Fewer trainable parameters: Inv²A trains only 113M parameters (T5 encoder + projection), far fewer than the baseline's 222M (full T5).

Highlights & Insights¶

Novel theoretical insight: The ILSH reveals the coupling between forward and inverse mappings in the LLM latent space, validated through both sufficiency and necessity experiments.

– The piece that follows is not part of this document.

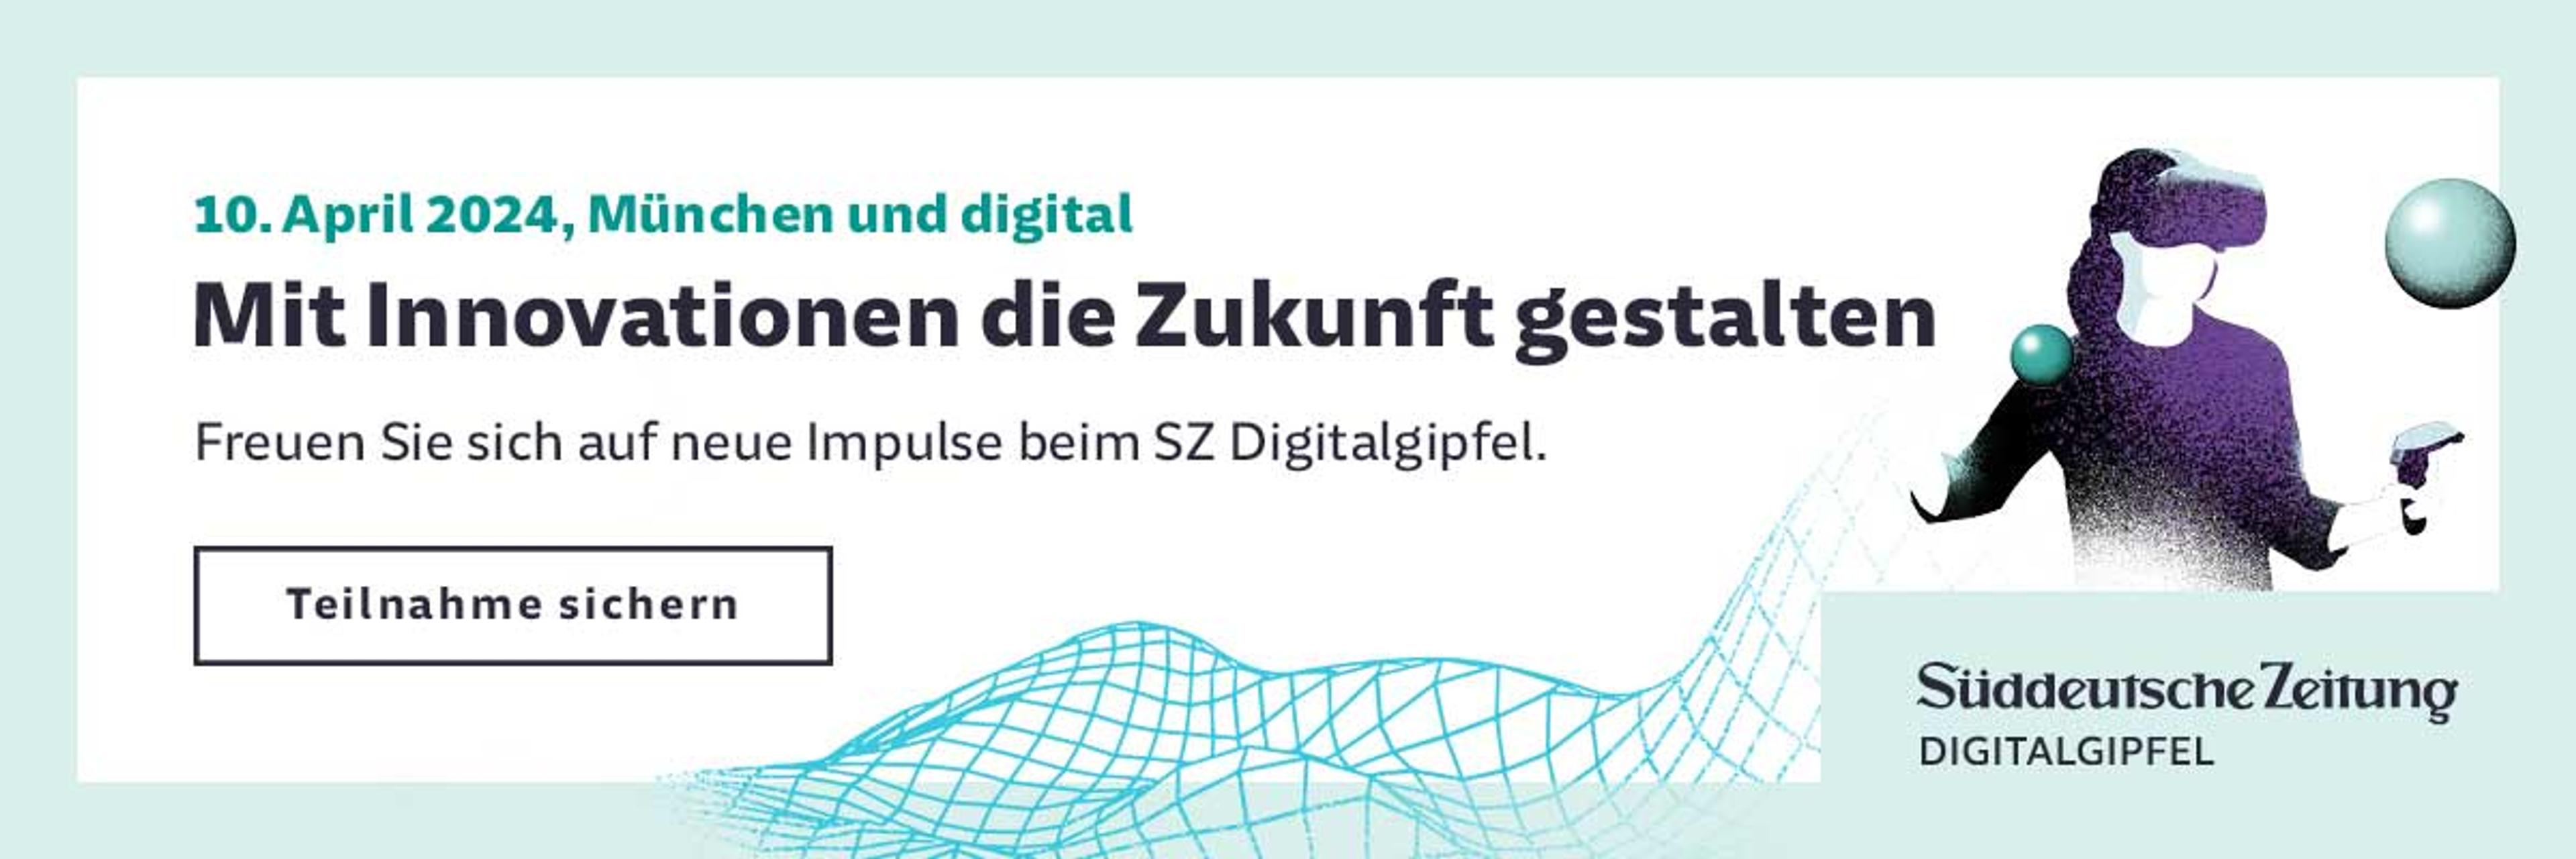 Süddeutsche Zeitung Digitalgipfel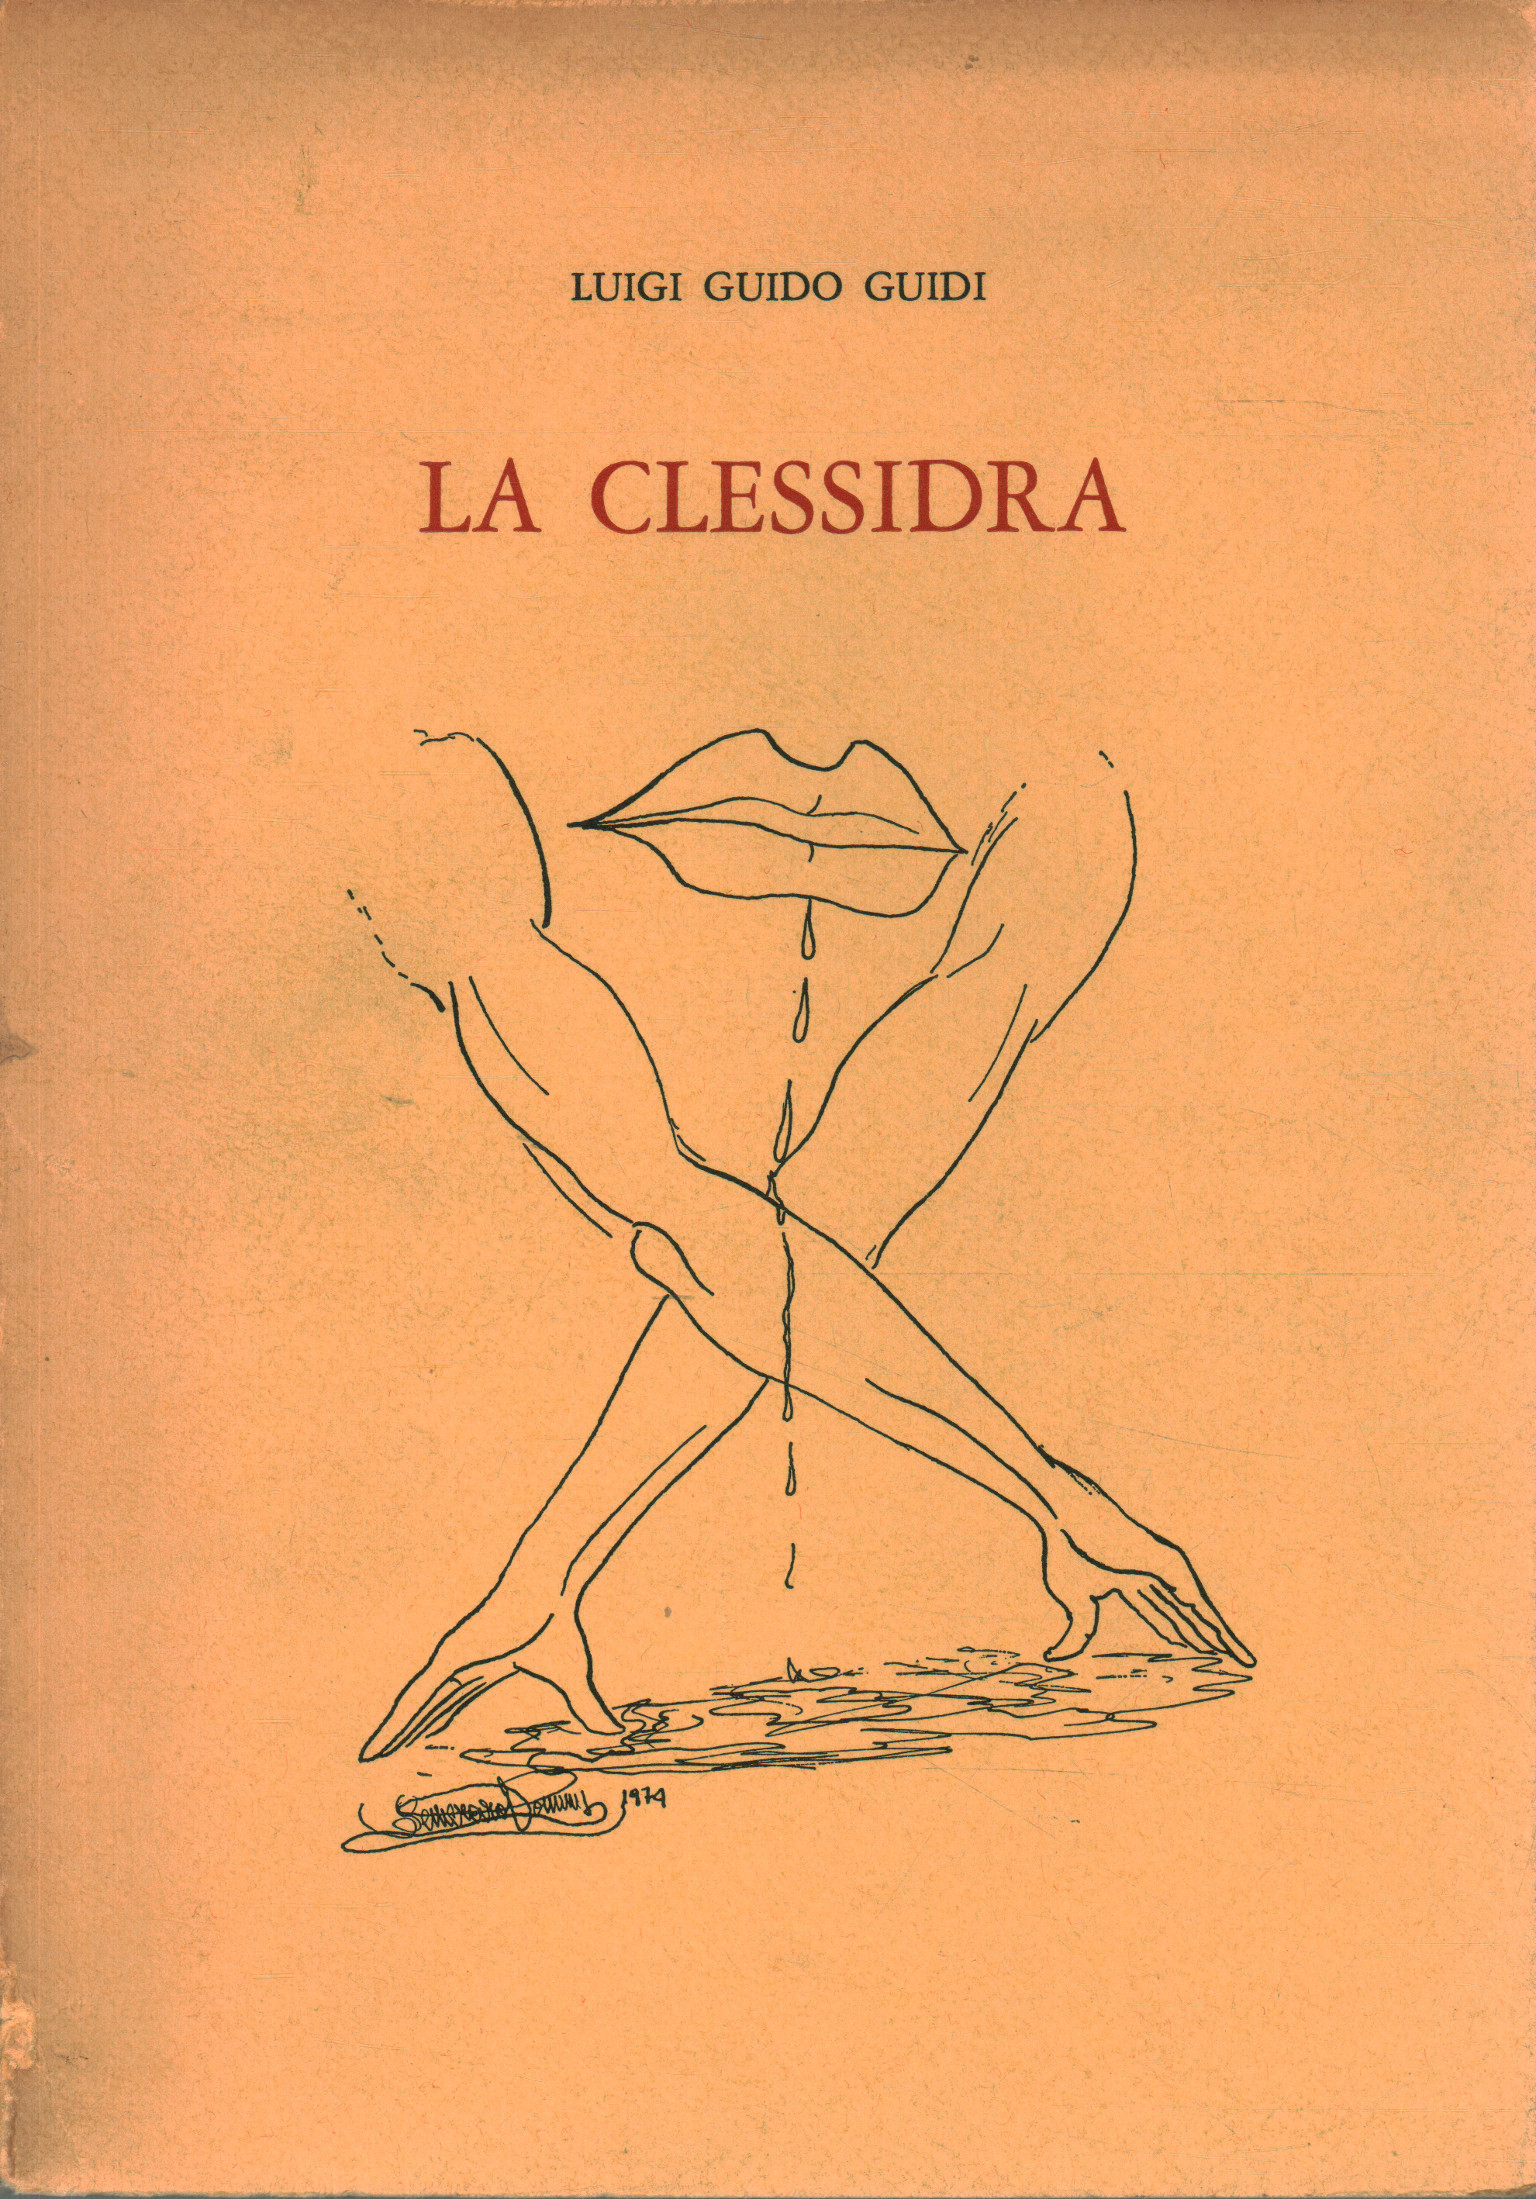 La clessidra, Luigi Guido Guidi

This constitutes not merely an attack method but also a contribution to understanding the internal representational structure of LLMs.
Simple and efficient design: Freezing the LLM as the decoder and training only a lightweight encoder leverages the LLM's powerful generative capacity while substantially reducing training cost.
Engineering elegance of semi-sparse encoding: Reducing multi-output attention complexity from \(O(N^2 l^2)\) to \(O(Nl^2)\) with negligible performance loss is a transferable trick applicable to other multi-input fusion tasks.
In-depth defense analysis: Beyond demonstrating attack strength, the paper systematically analyzes the limitations of existing defenses (diversity sampling, layer-wise noise injection), highlighting that current defenses remain insufficient.

Limitations & Future Work¶

White-box assumption: Full access to model parameters is required, limiting applicability in strict black-box scenarios (though open-source models and distributed inference settings satisfy this assumption).
Difficulty with semantically ambiguous prompts: Inversion accuracy degrades when prompts are highly abstract or when multiple prompts map to identical outputs (e.g., both "3-1" and "1+1" produce "2").
Preliminary defense exploration: Layer-wise noise injection is more effective than sampling diversification but degrades forward performance (~8% BLEU drop); viable defenses remain limited.
Instability on long prompts: Output2prompt occasionally surpasses Inv²A when prompt length is approximately 120 tokens.
Potential extensions: Future work may consider extending the ILSH framework to multimodal model inversion and robust inversion combined with differential privacy.

Method	Mechanism	Key Difference from Inv²A
Output2prompt	Trains a full T5 as an external inverse model	Inv²A reuses the LLM itself as the decoder, improving data efficiency by 5× and halving parameter count
Logit2text	Inverts from next-token probability distributions	Requires logit access; performance is far below text-based methods
Jailbreak strings	Designs adversarial queries to induce prompt leakage	Relies on special assumptions about prompt placement in the input window; poor generalization
DORY	Uncertainty-based denoising	Performs poorly on long, complex prompts; Inv²A achieves more systematic denoising via the encoder

The core advantage of Inv²A lies in activating the LLM's existing inverse mapping capability rather than learning the inverse mapping from scratch, yielding significantly better data efficiency and generalization.

Rating¶

Novelty: ⭐⭐⭐⭐ — The ILSH is novel and experimentally validated, though the encoder–decoder architecture itself is not a breakthrough.
Experimental Thoroughness: ⭐⭐⭐⭐⭐ — 9 datasets, multi-model transfer, ablations, robustness analysis, defense analysis, and interpretability analysis; highly comprehensive.
Writing Quality: ⭐⭐⭐⭐ — Logic is clear; the narrative from hypothesis → validation → method → experiments flows smoothly.
Value: ⭐⭐⭐⭐ — Makes a substantive contribution to LLM privacy security, particularly the finding of insufficient defenses.